Brooklyn, New York. USA
Dia. Satu ingatan yang tidak akan pudar meski waktu telah memilih kejam saat mata hijaunya memandang halaman luas yang menjadi tempat di mana ia dan adik-adiknya dulu menikmati makanan yang tumpah di alas yang mereka duduki. Kilatan dari memori itu akan terus dinikmati dalam cinta yang sebenarnya ia sendiri tidak tahu mengapa. Bayang lincah dan energik gadis berambut blonde dengan tinggi yang sebatas dadanya, tidak kurang tapi akan lebih jika tubuh indah itu memakai sepatu hak tinggi.

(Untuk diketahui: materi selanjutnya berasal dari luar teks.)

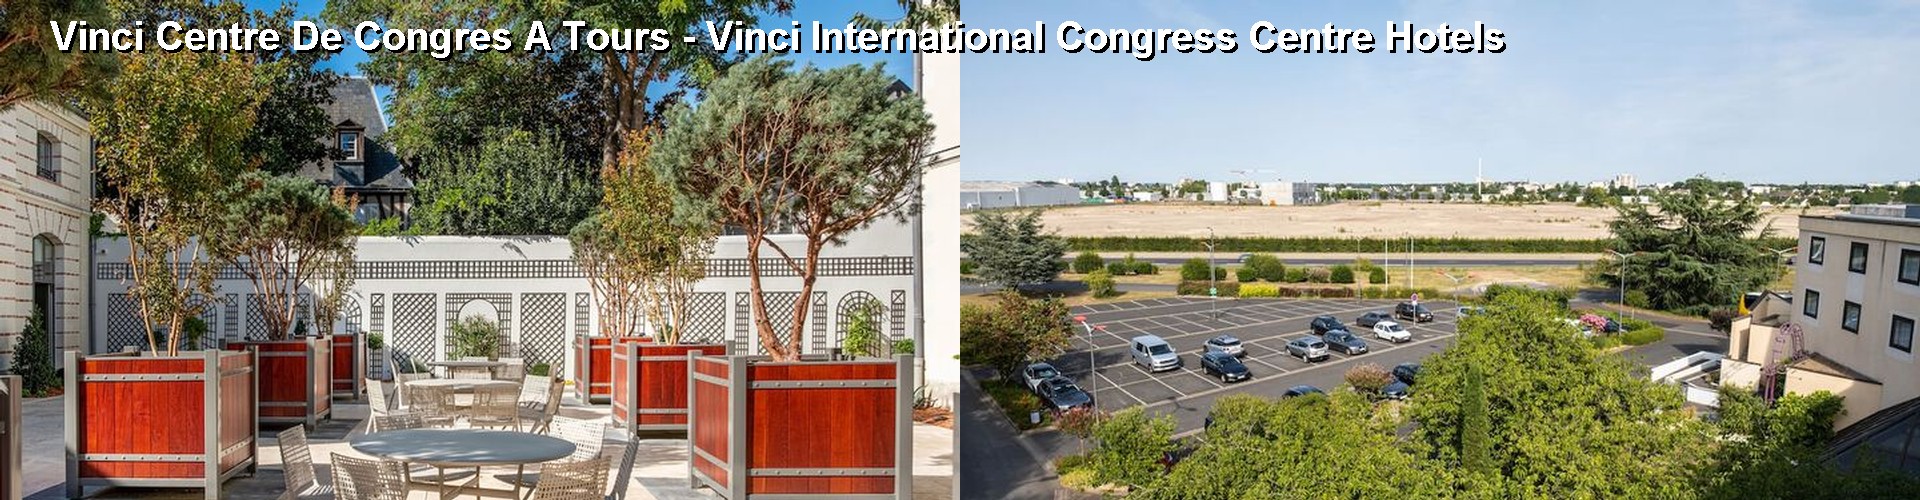 5 Best Hotels near Vinci Centre De Congres A Tours - Vinci International Congress Centre

Mata itu terus mengintai. Rumput hijau diselimuti embun pagi hanya menjadi awal mata indah itu menatap. Rahang tegas dari pria berusia 26 tahun itu mengerat begitu teringat keceriaan masa kecilnya dulu bersama dua adik cantiknya, yang selalu ia sebut sebagai my Diamond.
"Sayang,"
Bevan menoleh. Ia mengamati siapa yang berjalan cepat sambil membawa baki dipenuhi menu sarapan.
"Hai," sapa wanita paruh baya dengan wajah anggun yang mampu membuat Bevan tersenyum. "Ayo sini, kita makan bersama!"
Perlu waktu beberapa detik bahkan menit untuk pemilik nama sah Bevan Whiteley Luxembourg itu bisa memahami apa yang tengah ibunya ucapkan. Karena otak yang memiliki sedikit perbedaan dan Bevan harus mencerna secara teliti apa yang tengah orang lain katakan, apalagi jarak 20 meter itu Bevan tidak dapat melihat mulut wanita bernama Claudia Pricilia Luxembourg dengan panggilan sayang Persia itu berbicara.
Keringat yang bergulir dari pelipis Bevan biarkan menimpa pipi dan rambut coklatnya basah saat ia menikmati air minum yang ia tuangkan ke kepala saat berolahraga. Wajah tampan dengan mata hijau disertai dagu yang memiliki belahan itu termenung memperhatikan Persia berjalan, senyum cantik itu bisa Bevan pahami dari mana ketulusan itu berasal.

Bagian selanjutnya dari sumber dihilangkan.